PROBLEM DESCRIPTION:
Your answer must be an exact copy of the listing, with the images left out.

COLLECTED DATA:
*** Begin section ***

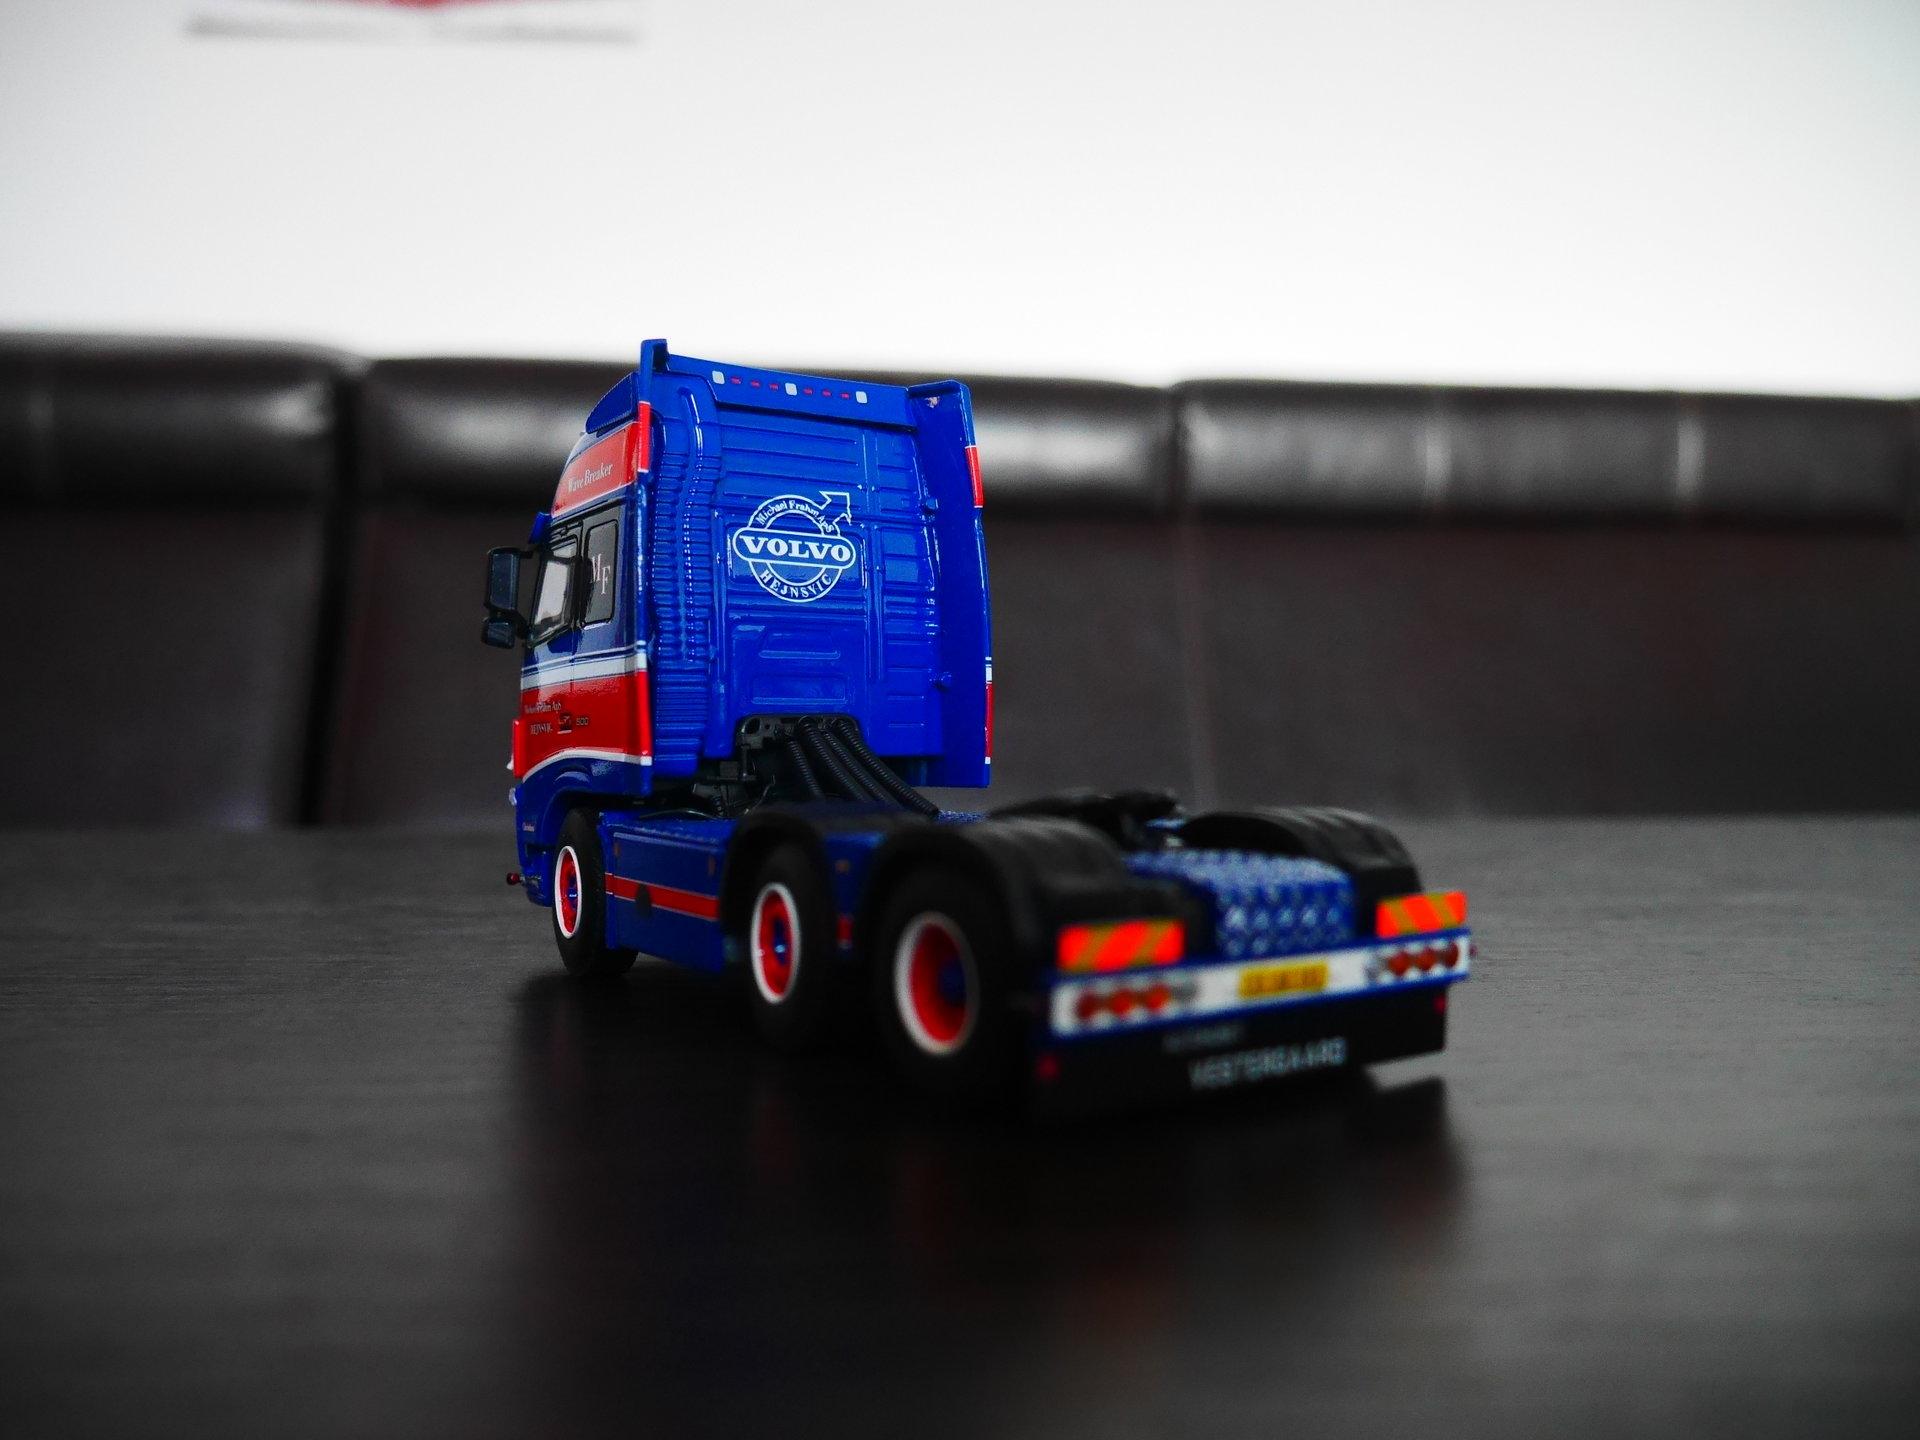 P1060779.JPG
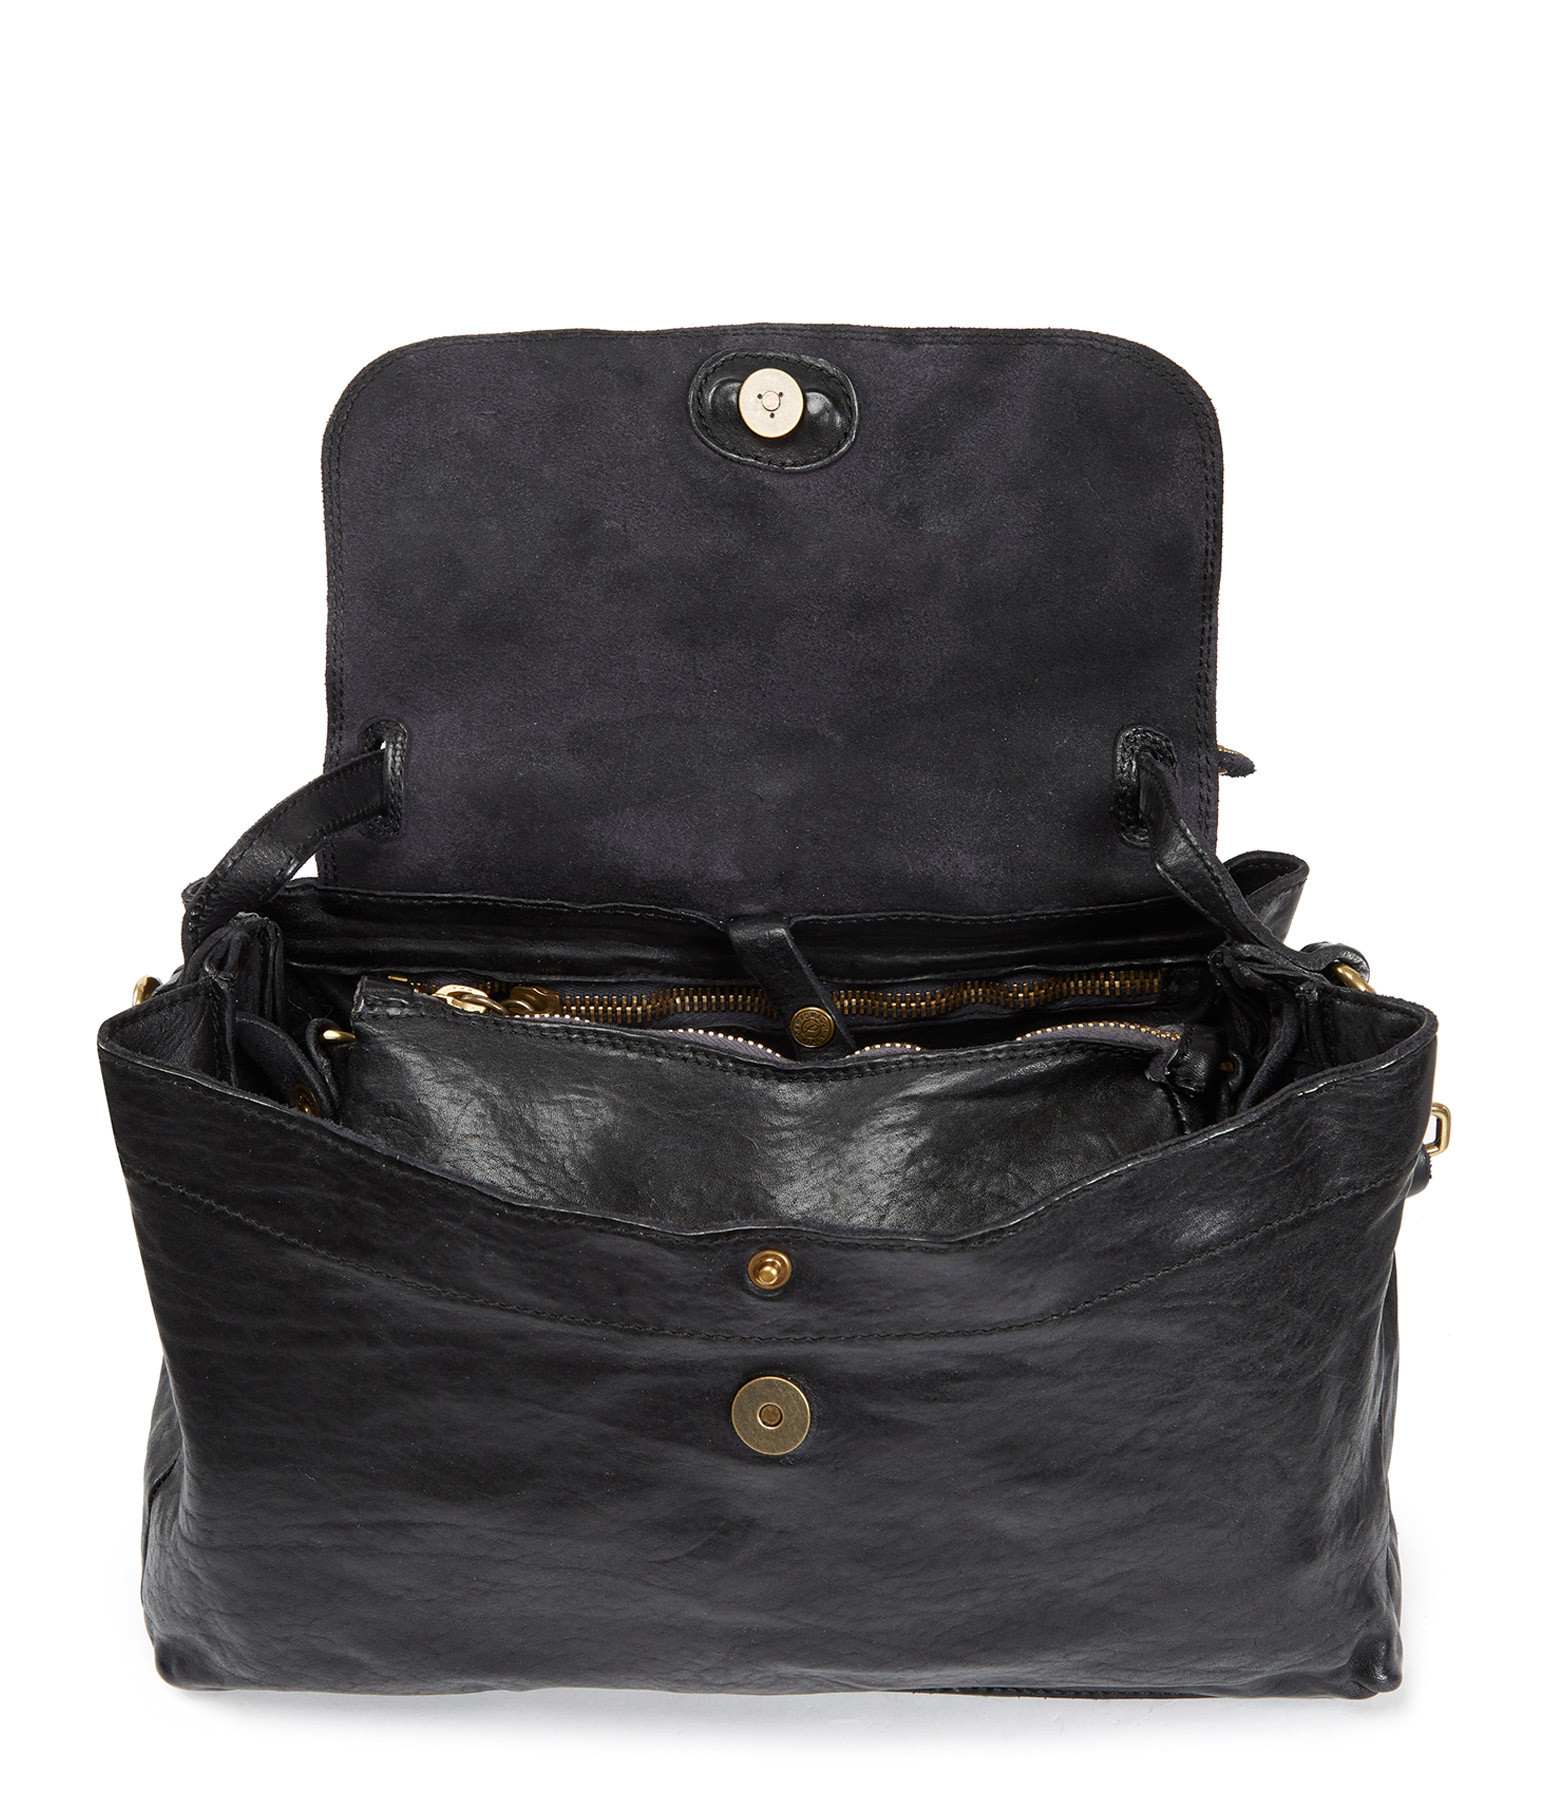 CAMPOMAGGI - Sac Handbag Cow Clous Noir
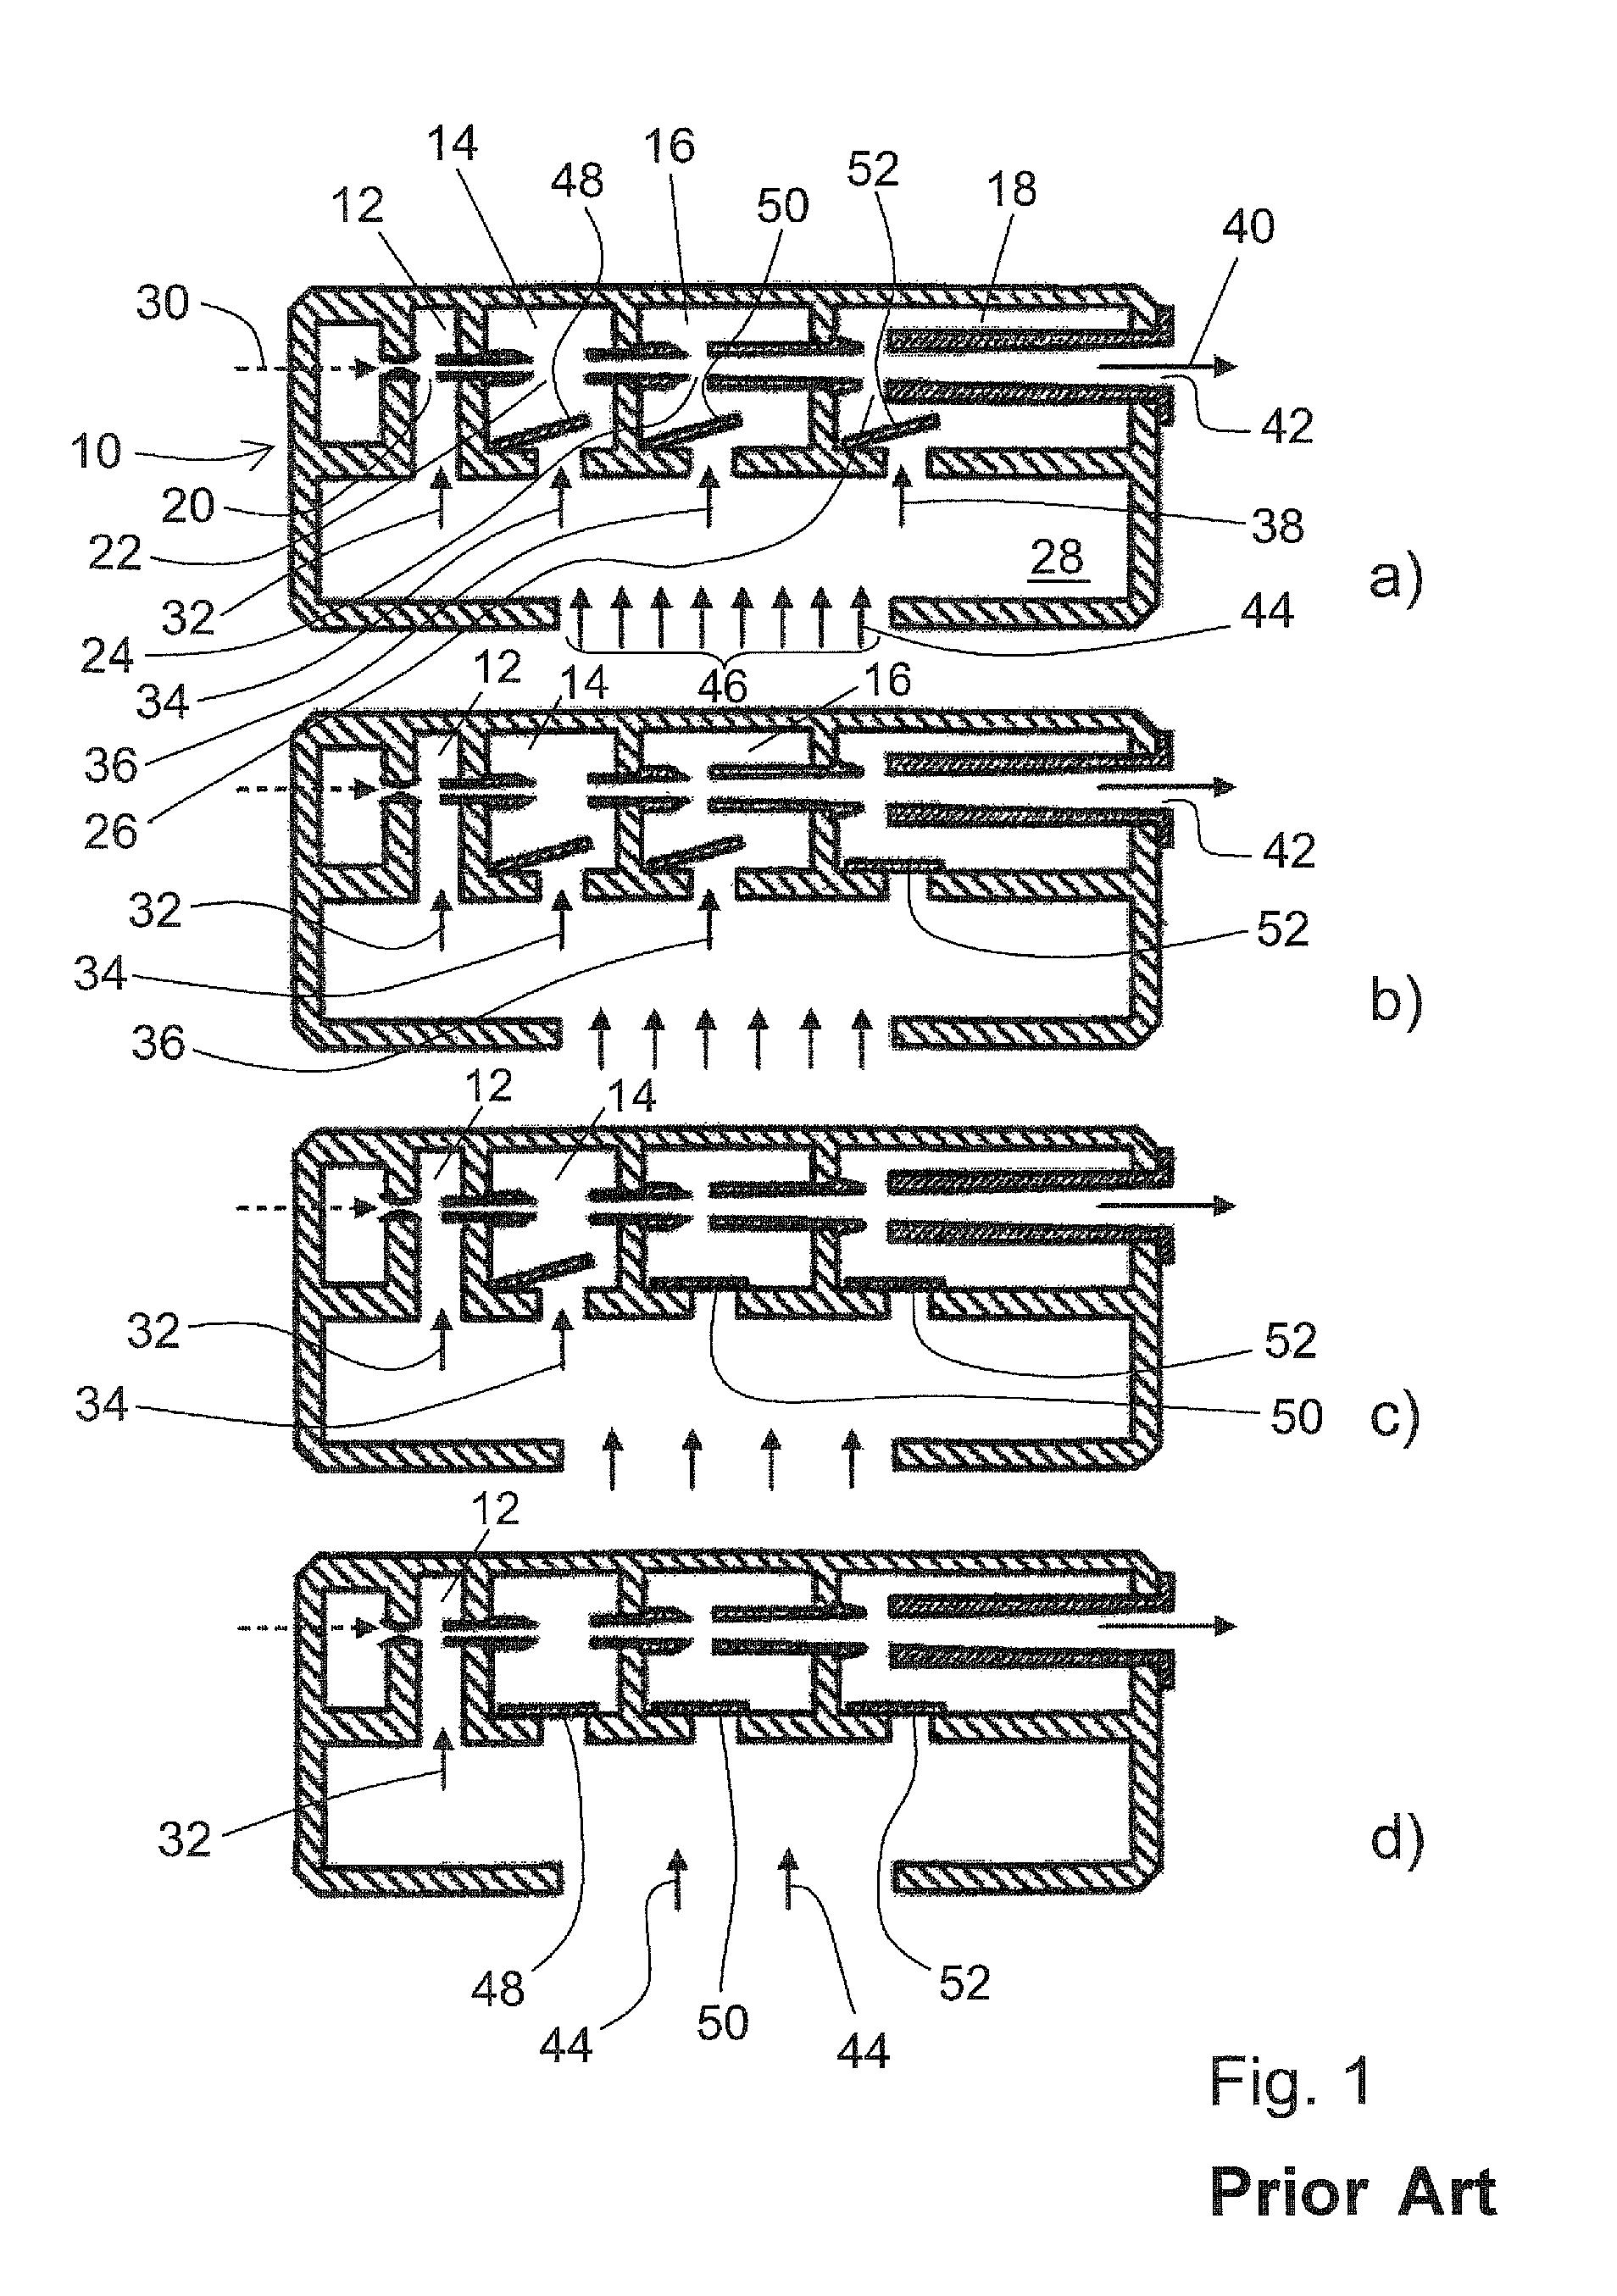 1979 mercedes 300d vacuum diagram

*** End section ***

TASK OUTPUT:
 P1060779.JPG
 CAMPOMAGGI - Sac Handbag Cow Clous Noir
 1979 mercedes 300d vacuum diagram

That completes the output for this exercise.